Your copy of the listing should match it exactly, only without pictures.

DATA EXCERPT
_____

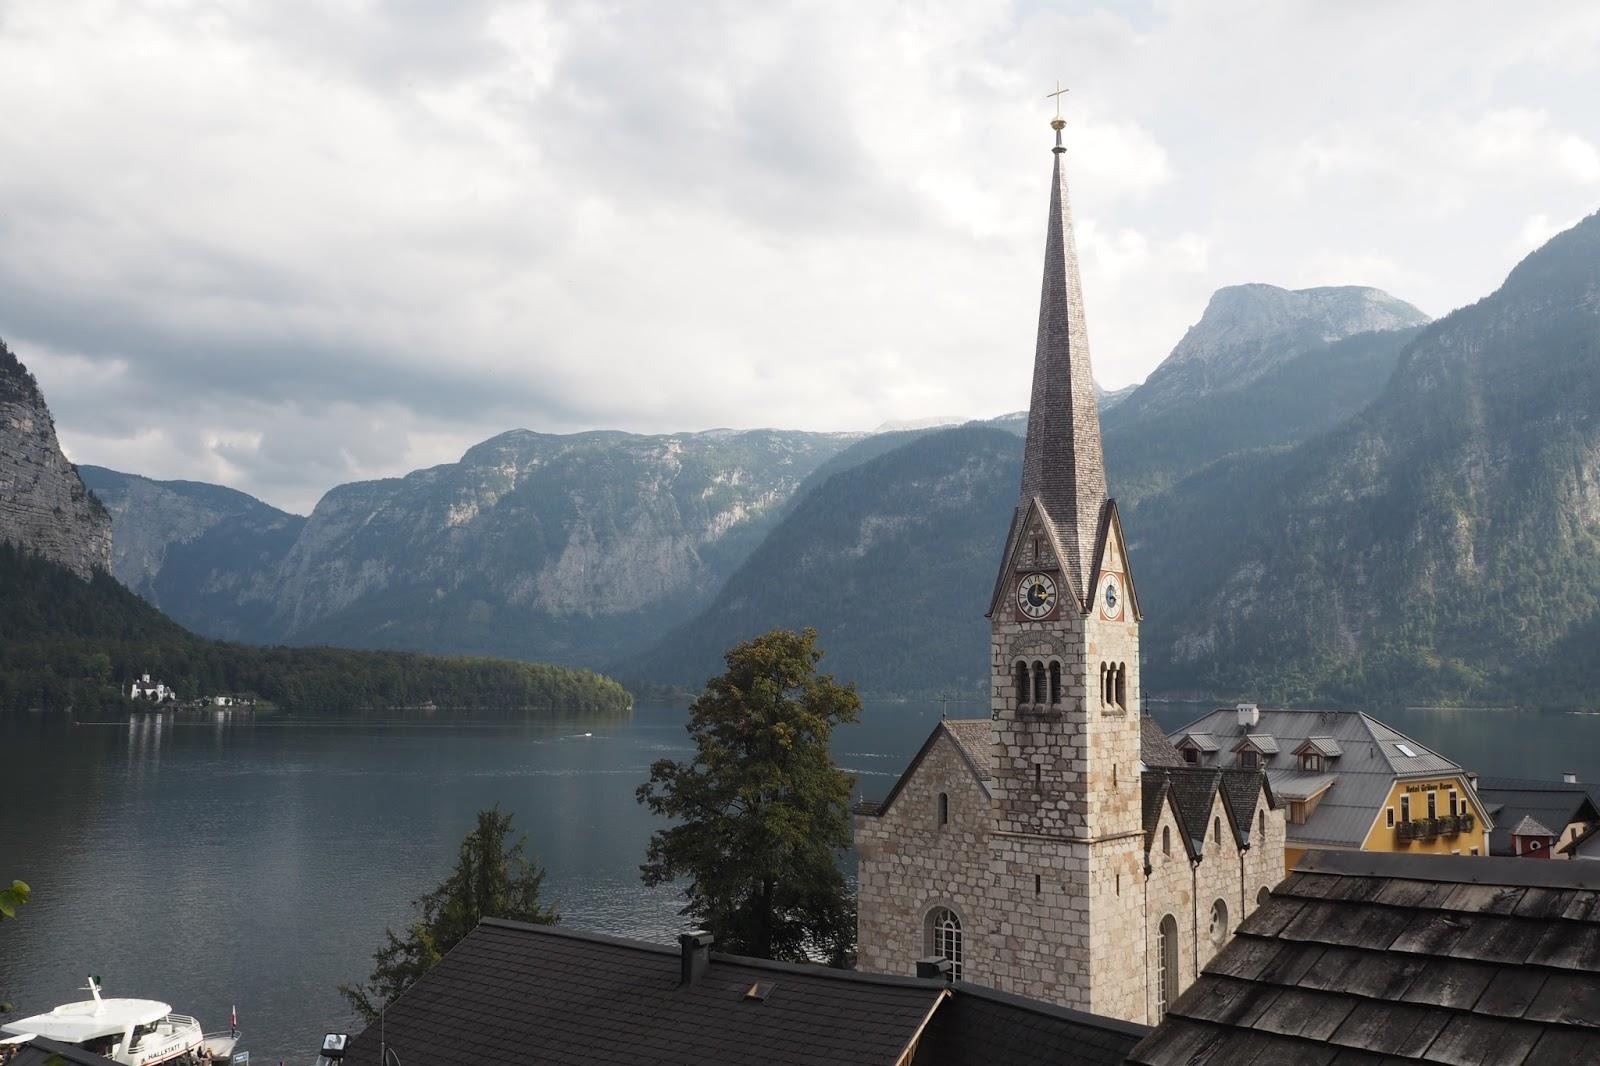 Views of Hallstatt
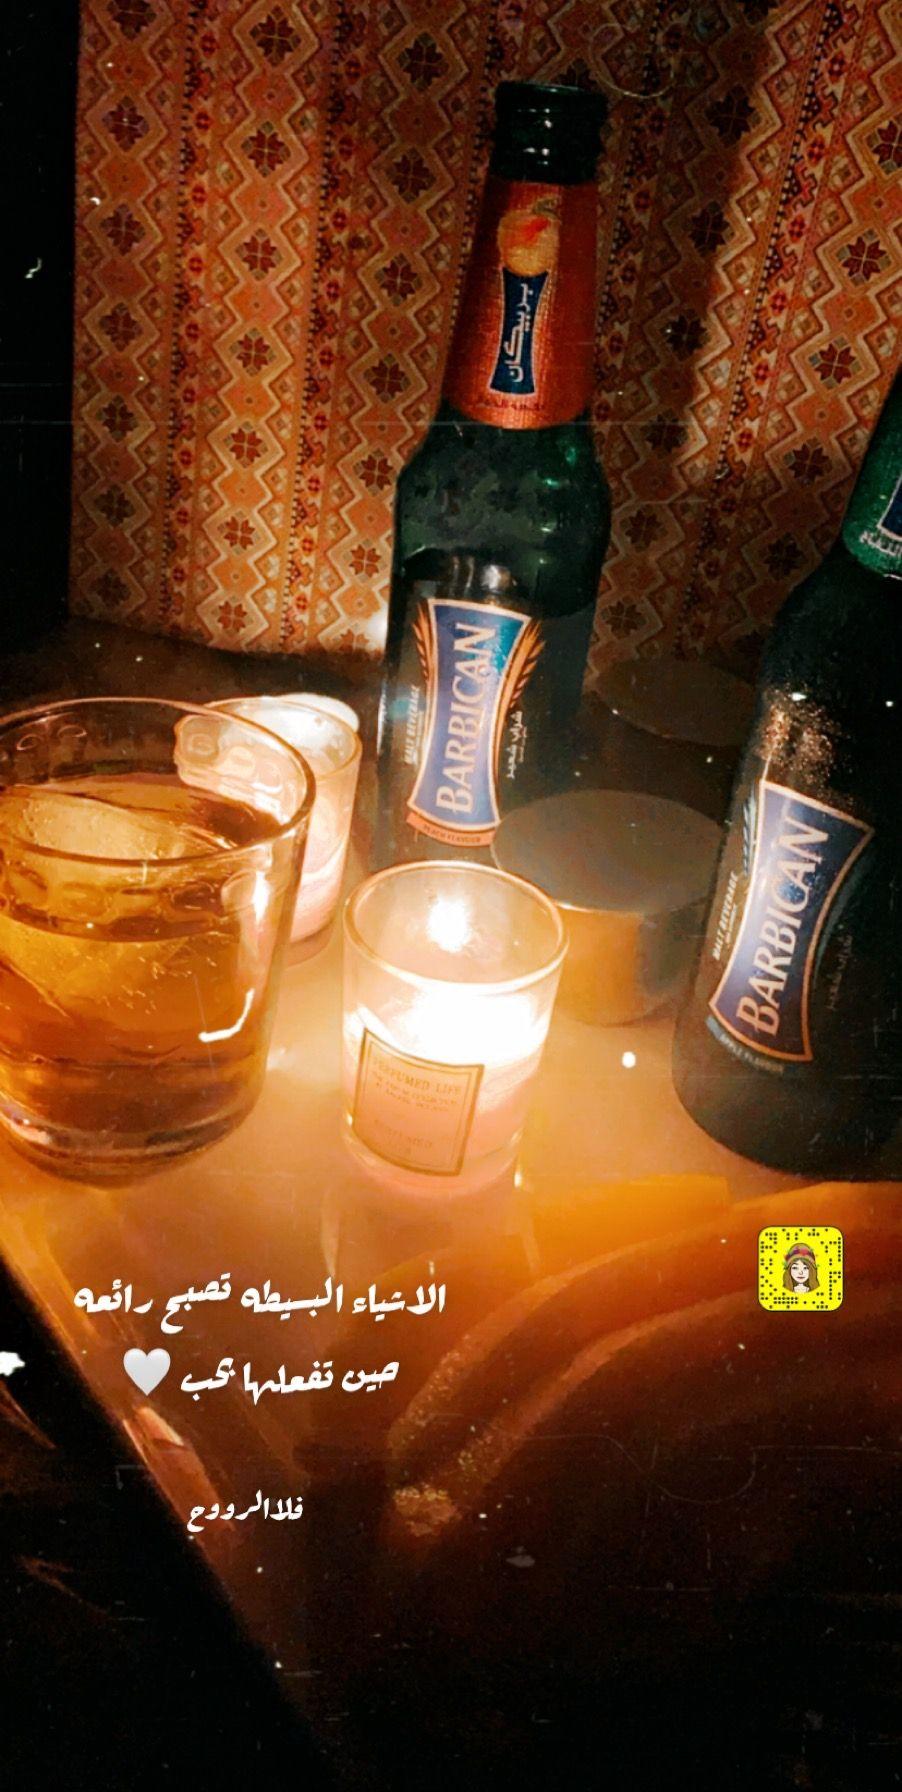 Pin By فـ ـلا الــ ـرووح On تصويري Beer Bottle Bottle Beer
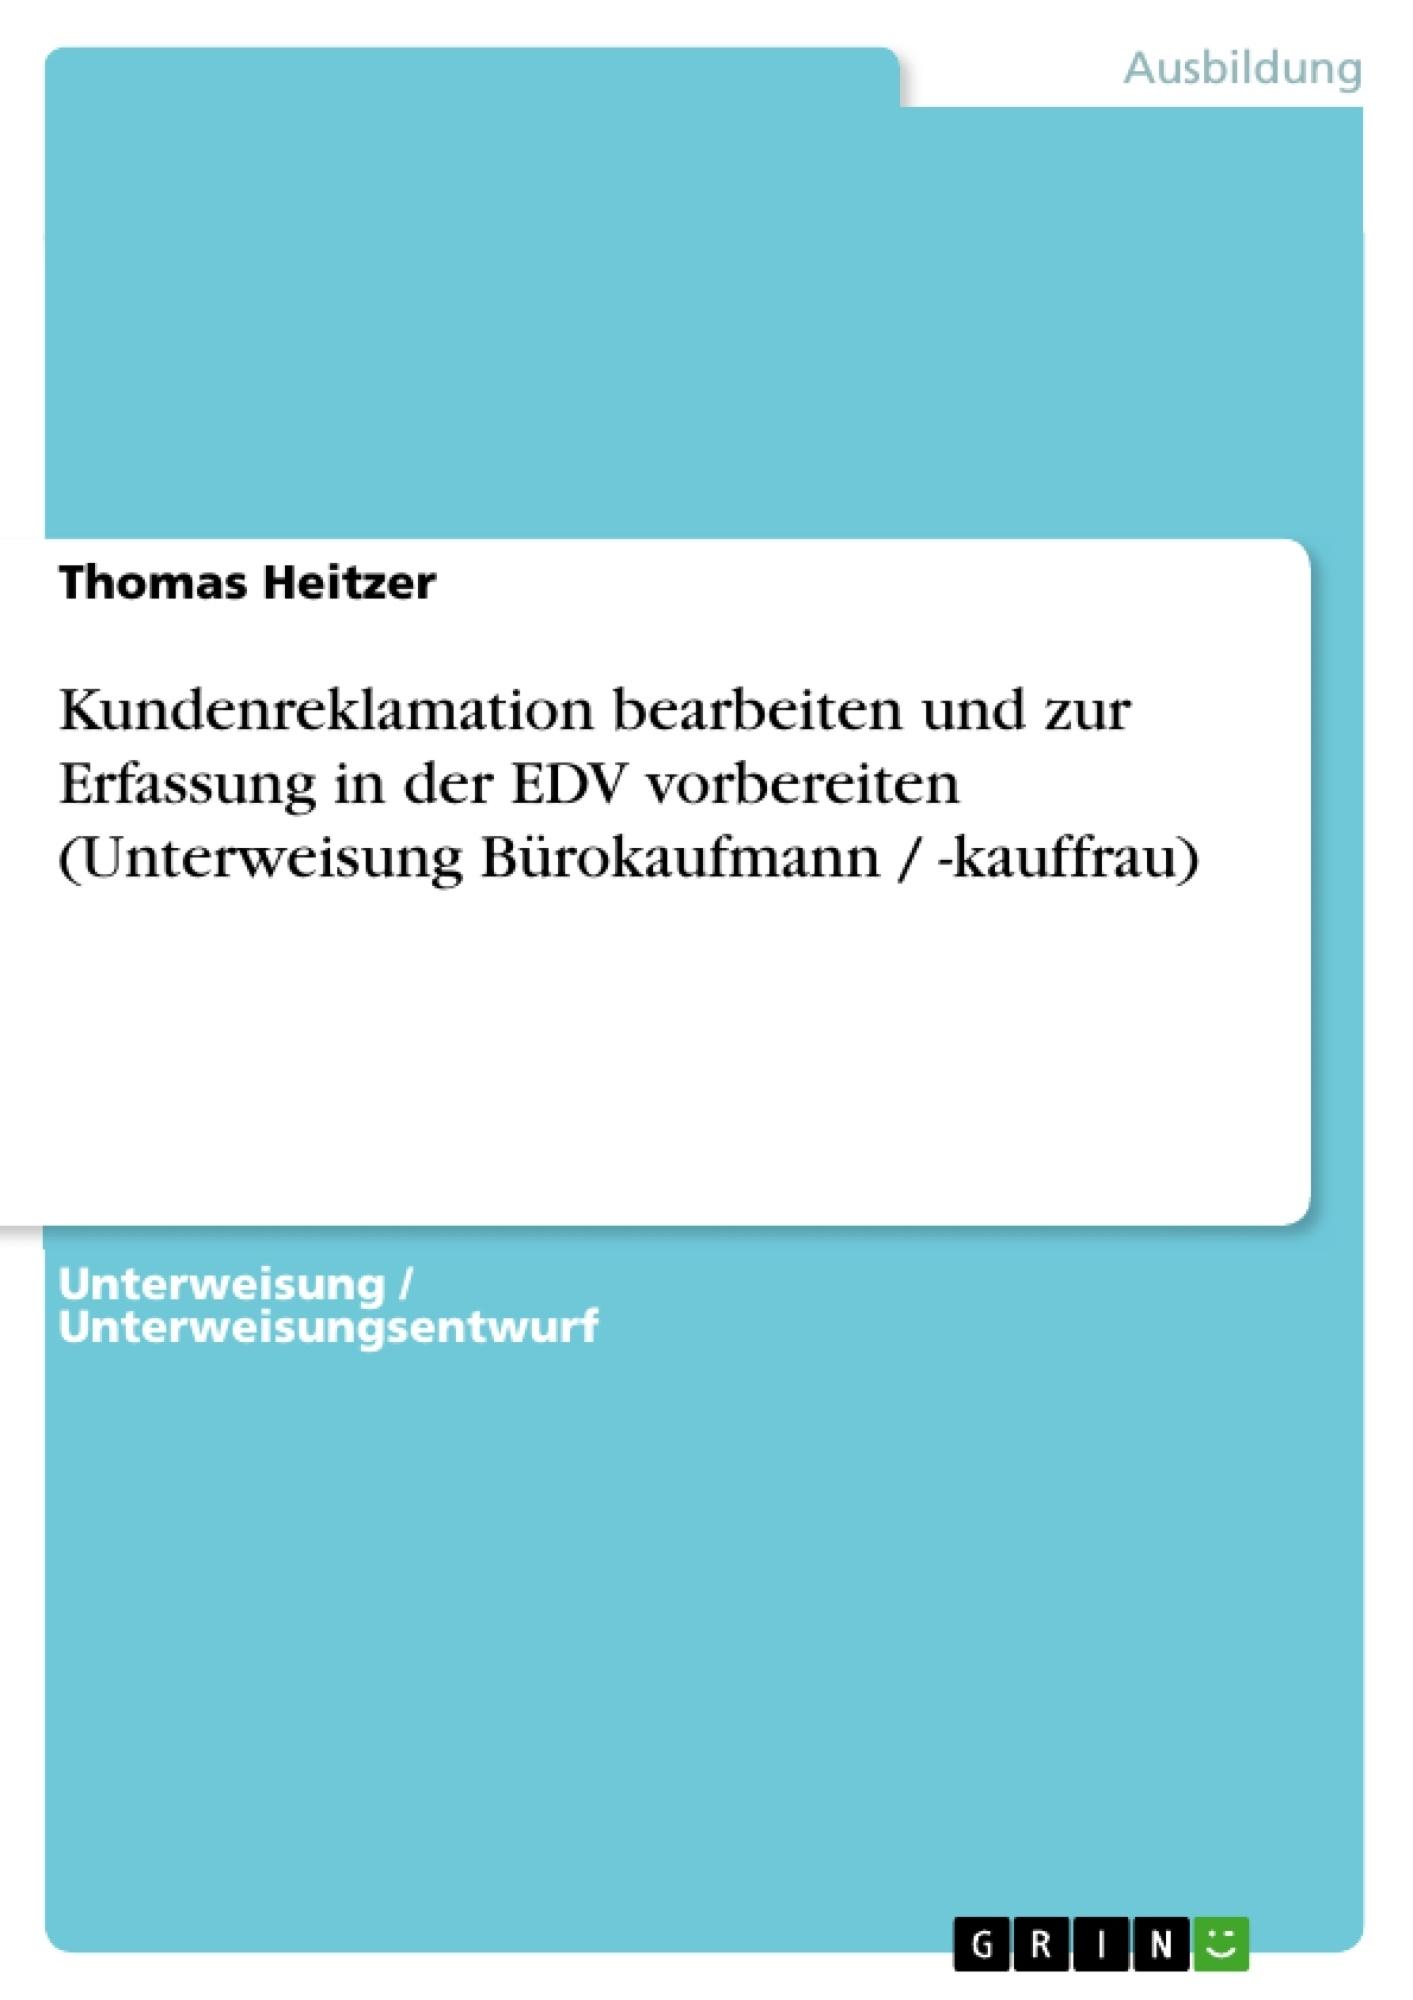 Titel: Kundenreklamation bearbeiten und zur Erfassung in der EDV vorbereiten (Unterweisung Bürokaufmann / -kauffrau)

_____

EXERCISE OUTPUT
 Views of Hallstatt
 Pin By فـ ـلا الــ ـرووح On تصويري Beer Bottle Bottle Beer
 Titel: Kundenreklamation bearbeiten und zur Erfassung in der EDV vorbereiten (Unterweisung Bürokaufmann / -kauffrau)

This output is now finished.